Есть еще одно обстоятельство – никто не относится ко всем аргументам одинаково, и дело не только в порочной и мелочной человеческой природе. Если вы атеист, то будете чрезвычайно устойчивы к любым сообщениям о чуде, и неважно, насколько хорошо они обоснованы; то же самое будет верно и в случае, если вы верующий. Философ Дэниел Деннет – яростный защитник позиции, что никакой «трудной проблемы» объяснения сознательного опыта от первого лица на самом деле не существует, и он ни на йоту не уступает даже самым сильным контр-аргументам Дэвида Чалмерса (род. 1966)[530]
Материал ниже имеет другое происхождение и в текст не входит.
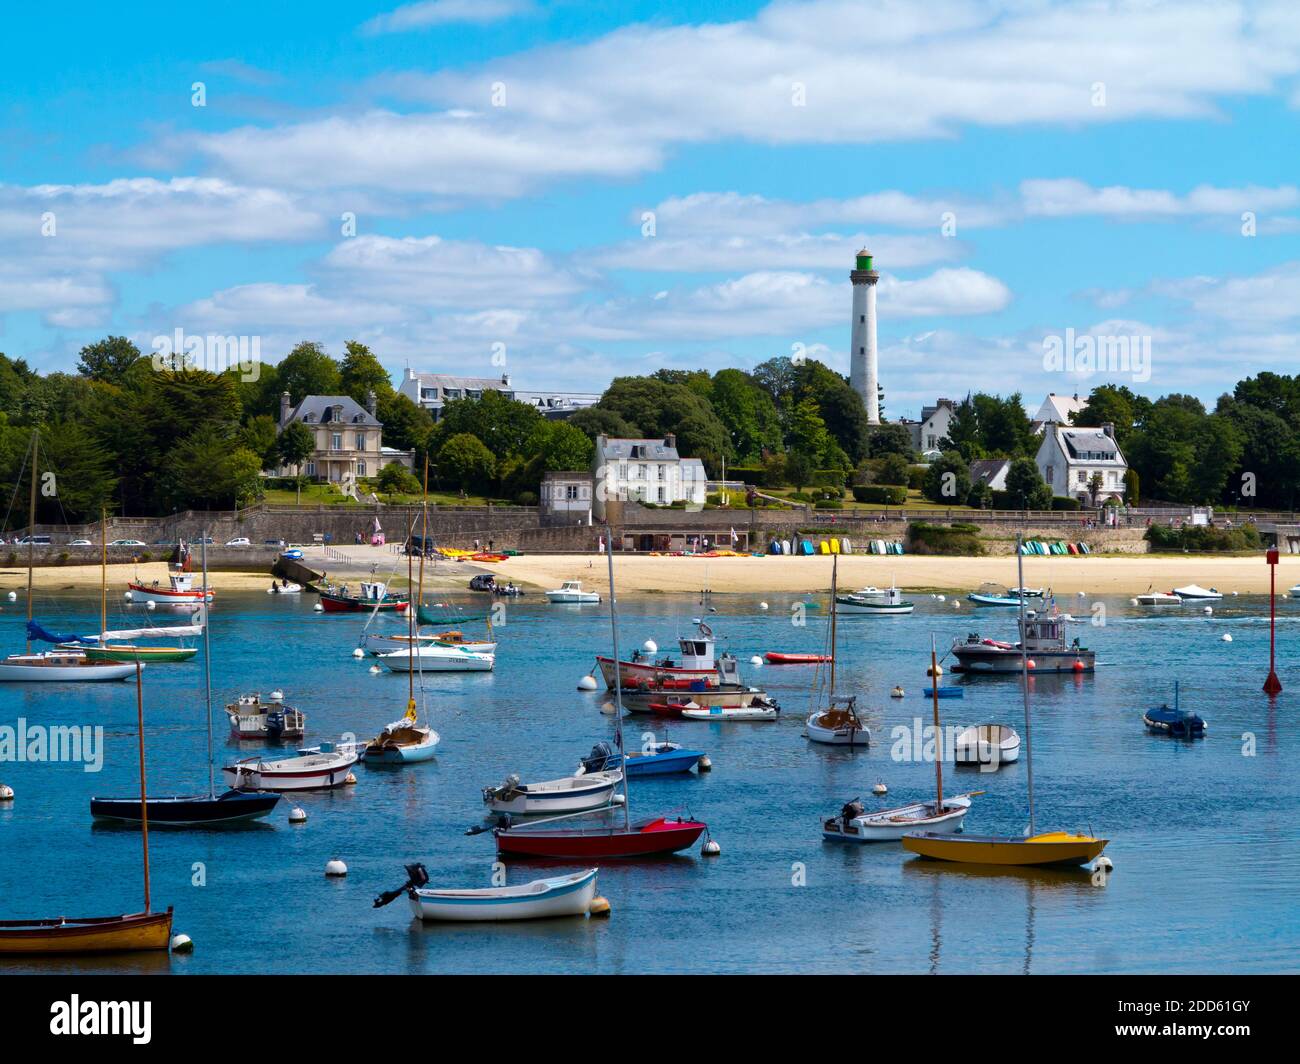 Summer view of Benodet a coastal town on the River Odet estuary in Finistere Brittany north west France with boats moored in the harbour. Stock Photo

. Да и сам Мейясу всегда пугающе быстро реагирует на любые возражения против предполагаемой силы аргумента корреляционистского круга. Мы просто не станем рассматривать все имеющиеся аргументы, как если бы они в принципе были равны, а затем, после тщательного их изучения, выбирать наилучший – так не делается; мы нисколько не настроены на терпеливое рассмотрение абсолютно всех имеющихся в наличии тезисов. Вместо этого каждый из нас ориентируется на собственное общее понимание того, как должны выглядеть вещи, когда они звучат правдиво. Хотя в математике – любимой модели интеллектуальной жизни Мейясу – это, возможно, проявляется не так откровенно, в философии науки такое поведение – хорошо известный факт: Имре Лакатос (1922–1974) увлекательно писал о том, что мы склонны придерживаться не отдельных сильных аргументов, а исследовательских программ. Мы продолжаем придерживаться их даже при наличии сильных возражений и аномалий и оставляем предпочитаемую программу, только когда она, по-видимому, деградирует[531] .Теперь мы добрались до второй формы «логики отмежевания» Мейясу: поставить под вопрос мотивы оппонента. В каком-то смысле, конечно, верно, что аргументов ad hominem
в дискуссии следует избегать. Но было бы лицемерием утверждать, что мотивы никогда не должны учитываться. Представьте, что вы стали свидетелем яростного спора двух католических священников по поводу учения (доминиканца) Фомы Аквинского о materia signata [532] и опровержения этой теории (иезуитом) Франсиско Суаресом. Позднее кто-то вам сообщает, что первый священник был доминиканцем, а второй – иезуитом. Это полезное знание, ведь теперь вы понимаете, что их спор, казавшийся исключительно интеллектуальным, вероятно, был обусловлен тем, что каждый предсказуемо защищал философского героя своего ордена. Или представьте, что кто-то очень злобно, но явно рационально настаивает на том, что морального закона нет и что «прав тот, кто сильнее», а вы случайно узнаете, что у этого человека богатое преступное прошлое и даже подозрение в совершении по меньшей мере одного убийства. В случае Мейясу тоже полезно знать некоторые мотивы его утверждения, что все в философии должно доказываться и опровергаться. Начнем с того, что он рационалист и потому предполагает, что всякий раз, когда философия не является рационализмом, она сходит с рельсов и летит под откос. Далее, Мейясу в отличие от Уайтхеда считает, что философия по сути своей является дедукций из нерушимых первых принципов, и корреляционистский круг для него – первейший из них: принцип, который следует преодолеть под страхом наказания прожить жизнь «наивным реалистом». Возможны ситуации, когда высказывания о мотивах уводят в сторону или даже оскорбляют; в таких случаях их надо тактично пресекать. Но идея, что к мотивам никогда не следует обращаться, фактически равносильна тезису, что в философии нет места риторике – рационалистическое предубеждение как оно есть.